Perhaps, I may admit, I am a bit biased as to the influence of their amazing live performances, but Grizzly Bear created one hell of an album in Veckatimest. Grizzly Bear's third LP and best to date, Veckatimest feels cinematic in scope, like a 12-act progression through a beautifully constructed panorama. Its lavish composition finds multiple moving parts coalescing into a single, tangible whole, where even wordless moments are fat with enchanting imagery. Listening to it is like trying to chart a swift breeze by the flutter of the leaves it touches. It weaves in and out and wanders in circles. That isn’t hyperbole or an attempt at conceptualizing the abstract; you literally find the music moving around you, at times predominantly in front, swimming to the side and swooping behind before flying back around. Take the introduction, “Southern Point,” a kaleidoscopic five minute song with jazz inclinations that makes you nearly forget for a moment that someone is even singing as you get caught up in simply following the sound. Throughout the album, ornate arrangements, accompaniment from the Acme String Quartet and Brooklyn Youth Choir, and even episodes of acoustic solitude assist in that intoxication. Such simple complexity doesn’t peel away its layers in just one or even 10 spins through. Even “Two Weeks,” the critically adored standards ballad and most straightforward lyrical vehicle on the record, does not fully unfurl itself until you’ve had time to absorb its plea to quietude amid a sometimes frenzied relationship, the plea itself a slow indulgence.

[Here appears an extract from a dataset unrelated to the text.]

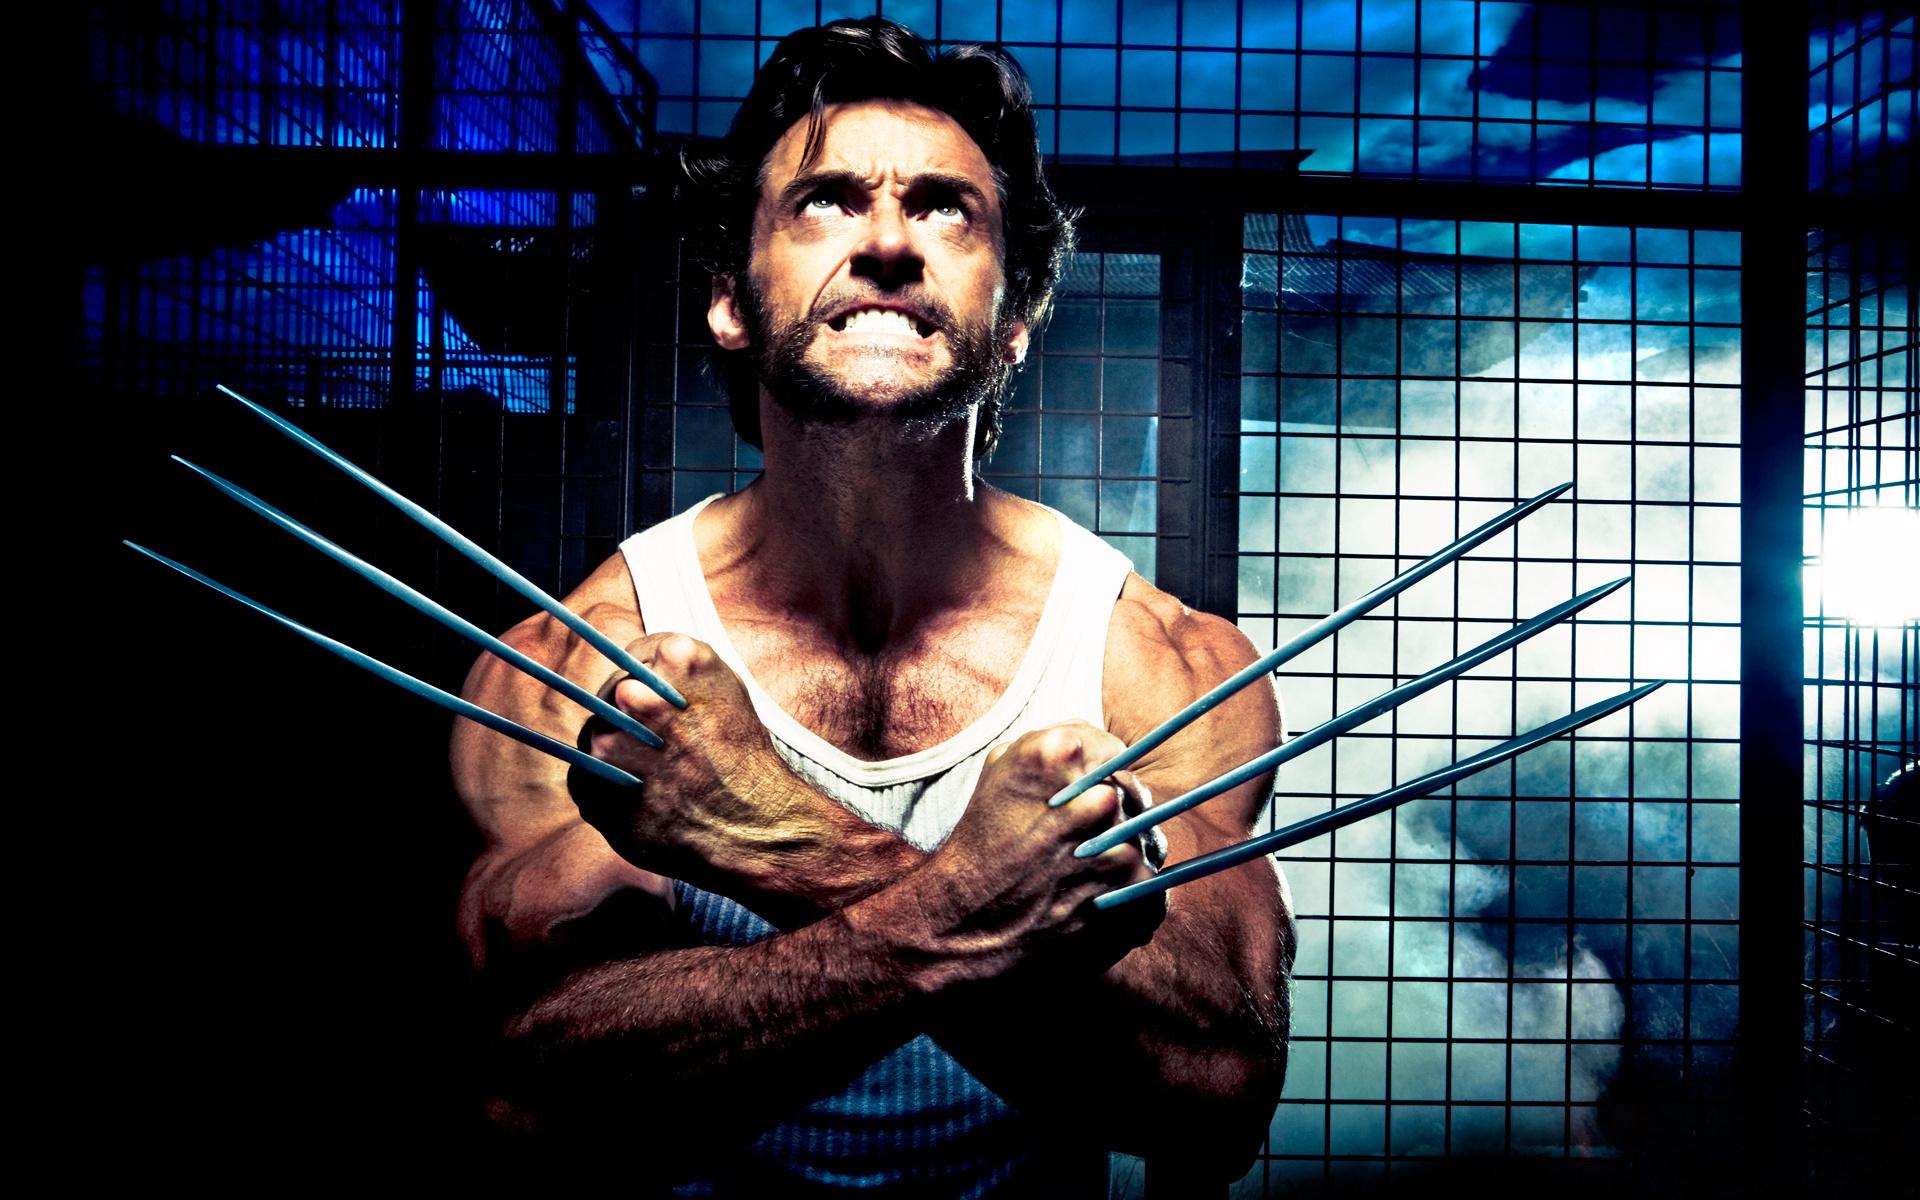 Hugh Jackman Wallpaper wolverine x man hugh jackman wolverine a mutant hero man actor

Founder Ed Droste has noted that Veckatimest is the first time the group has truly collaborated, creating each step together rather than patching together piecemeal from the individual creative efforts of its members. Infusing a more collective element from the start is likely primary among reasons for Veckatimest’s subdued extravagance. It’s allowed Grizzly Bear to compose a seamlessly diverse and innovative piece in which even more obvious genre samples, such as the aforementioned jazz and standards forms, are still almost lost under the ethereal elegance of its atmosphere. Only upon returning to the record repeatedly, skipped tracks be damned, can you expect to discover the variegated textures of their colorful and meticulous efforts. Ironically, this is made all the more difficult as each new discovery can distract from the potential of the next, so as the record comes to a close you once again find yourself pressing play.